In my experience, there are two types of writers when it comes to revisiting old work. The ones, like one of my reporters, who go back to tinker with a missing comma or dangling modifier, and the ones who would rather sleep on train tracks than read old work again. I’m in the latter camp.
I can’t help but to cringe at Past Me’s writing. (Hi, Future Me! Hope you hate this, too.) Nevertheless, it’s a necessary evil for those who wish to improve on the craft. The problem is that–as with any art–it can be very subjective. Yes, you can improve clarity, flow, word choices, etc, but what happens when it’s the ideas you espoused that make you cringe?
There are two pieces of writing I never bring up, and I honestly always fear that someone else will. So, of course, I’m bringing them up here so hopefully I demystify them for myself.
My 2017 op-ed on how marches in D.C. weren’t really that effective.
A self-pubbed fantasy novel from 2021.
There’s a lot I could say about both of those, but I cringe at both because they do not represent my best work. However, that’s the point of creation and practice.
The op-ed was insipid in positing that people choose to protest in a different manner only because, at the time, I thought there were better tactics. I regret that part of it. But from a writing perspective, I’m glad it’s there hanging over my head as a reminder to think past myself and my worldview. The novel, I’m genuinely annoyed at myself because I know and knew I could do a better job. However, time wasn’t on my side. Largely–I’m impatient, and going through the traditional publishing route could’ve taken years. But, that impatience comes from growing up with death always looming over my family. So, I’m glad my dad got to see his and my mother’s last name registered in the Library of Congress before he passed away, so for that, I will forever love that novel. Other than that, I took it down because it was truly for me and my family–and I am a much better writer now.

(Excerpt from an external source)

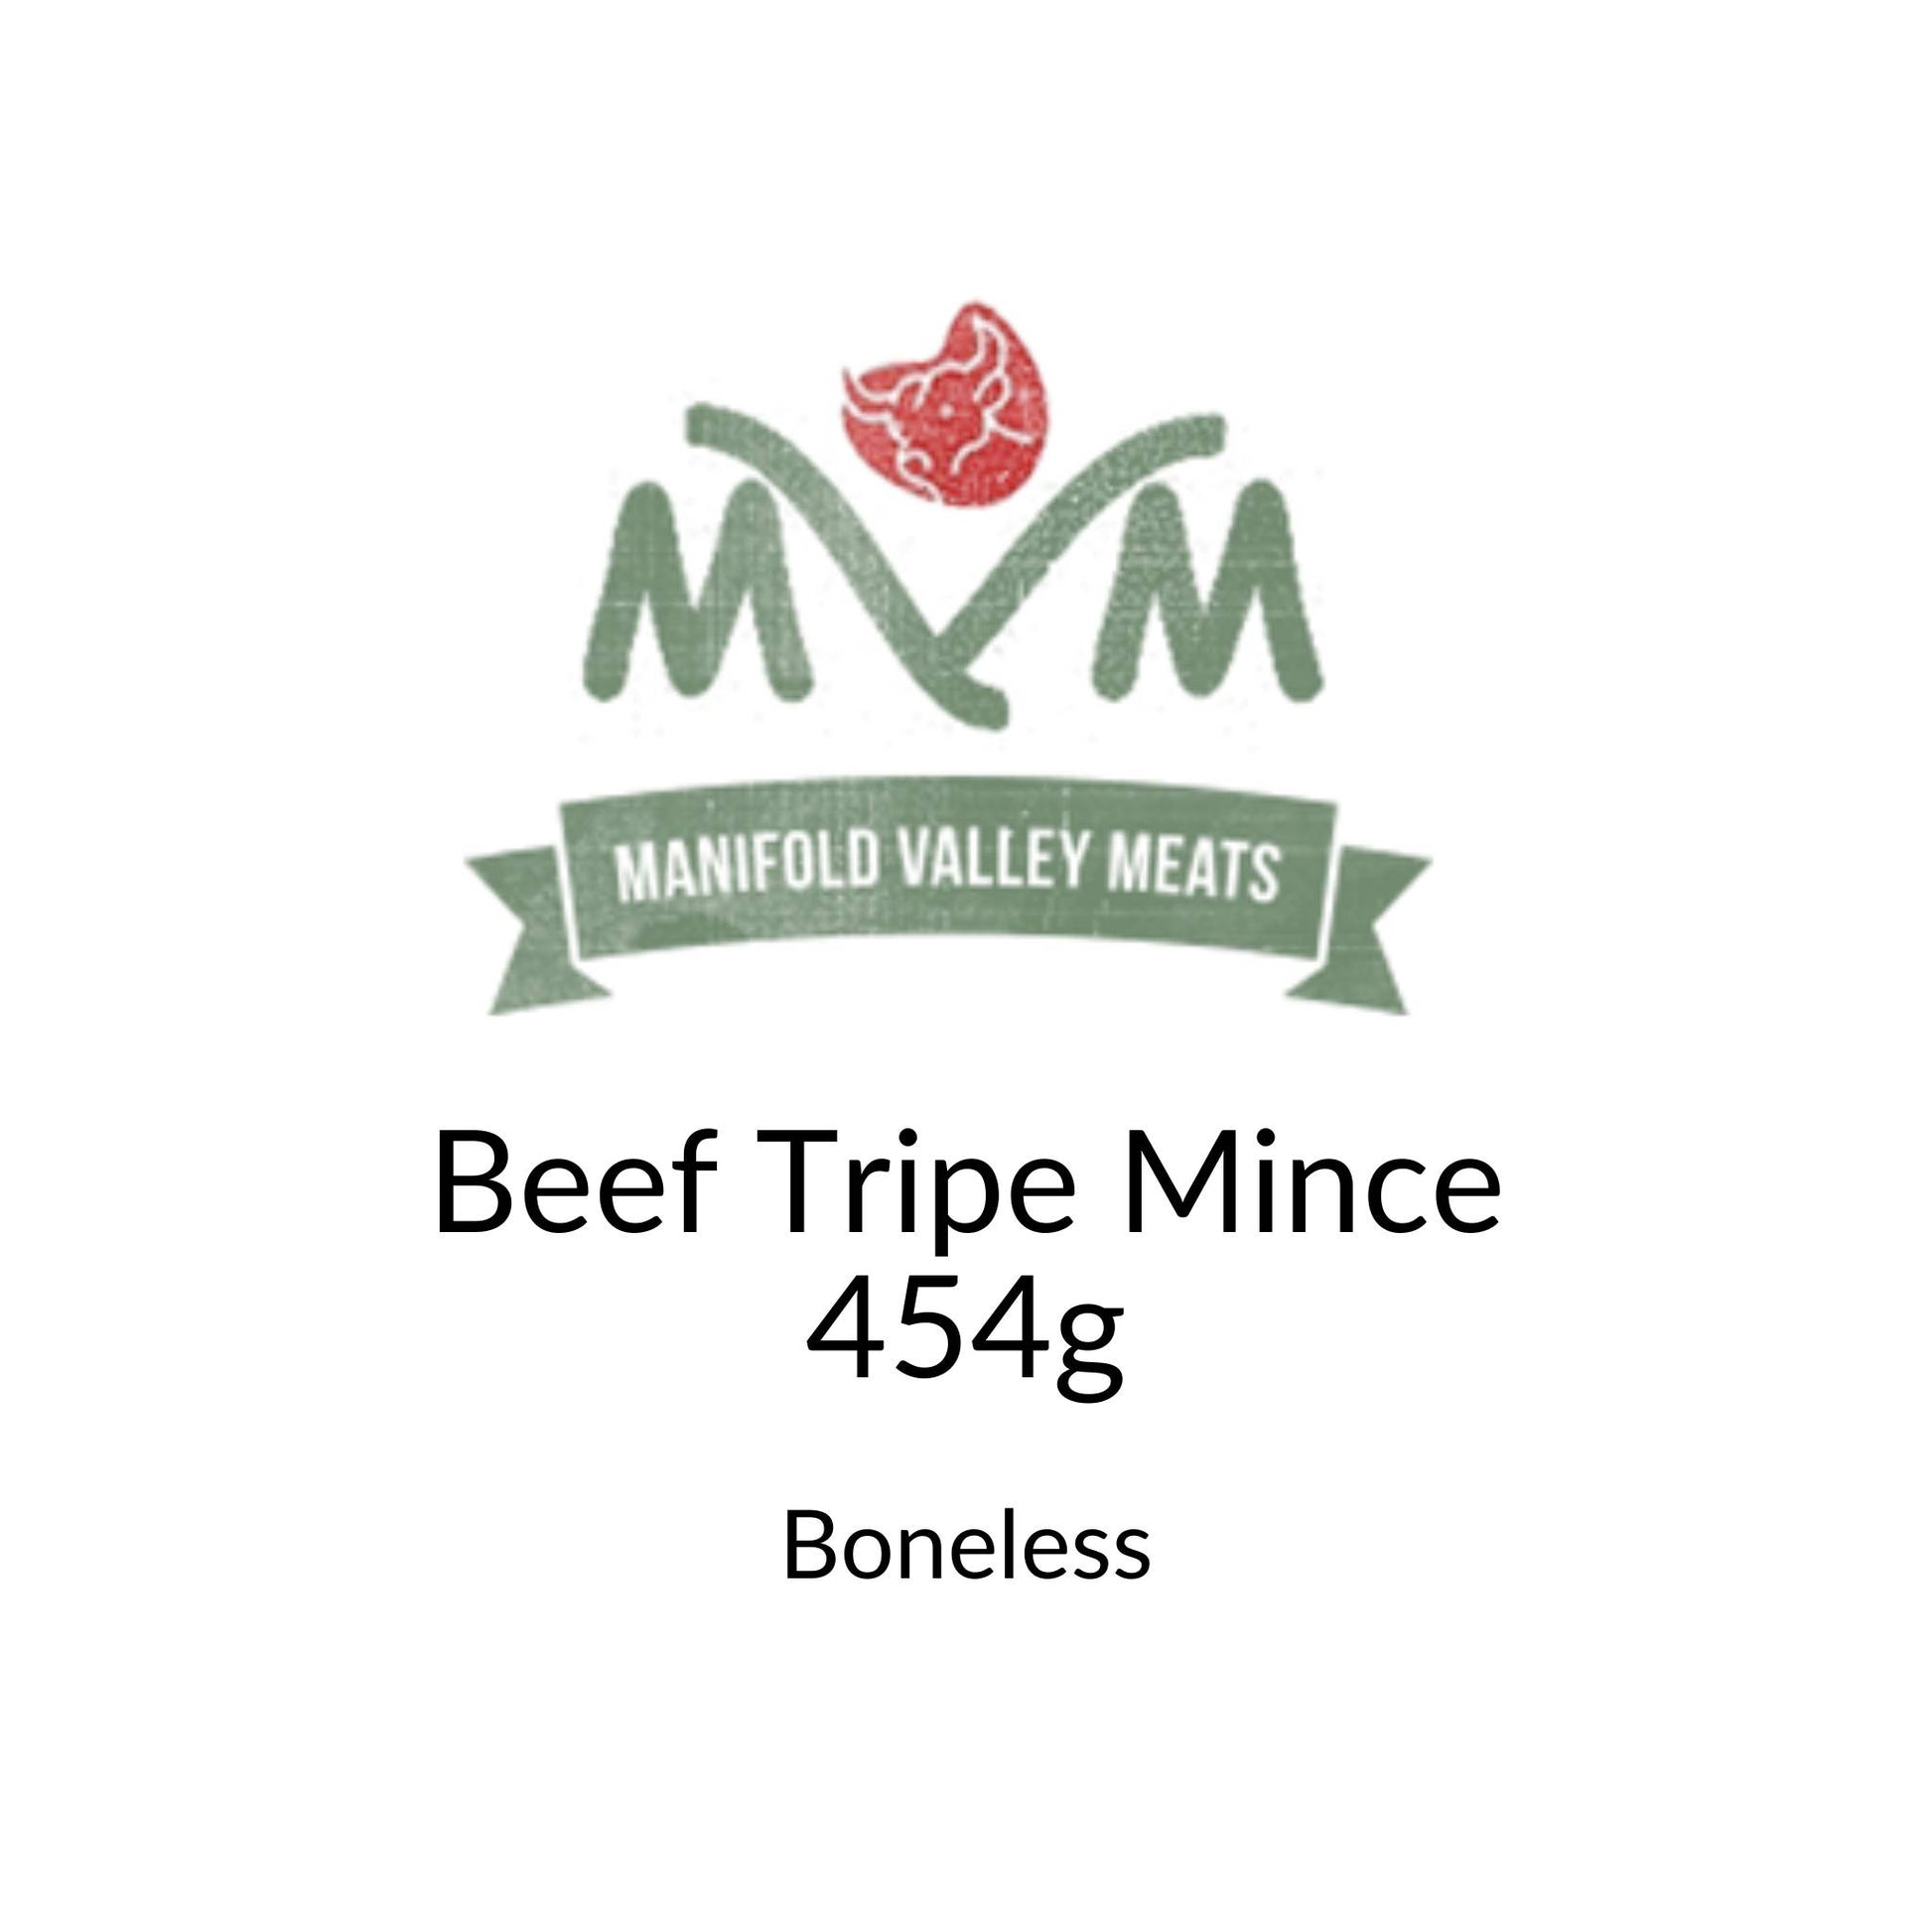 Manifold Valley Meats Beef Tripe Mince Raw Dog Food

I say all of this as a reminder to be proud of the work you do, even if just a part of it, or for what it meant at the time. At that moment, that was the best work you could do with the skills you had. Being able to look back and cringe means you have grown in your craft. We should be so lucky to keep looking back and cringing because we have grown so much.
(Also, please share your cringiest moments with me. I have exposed myself, and I need company!)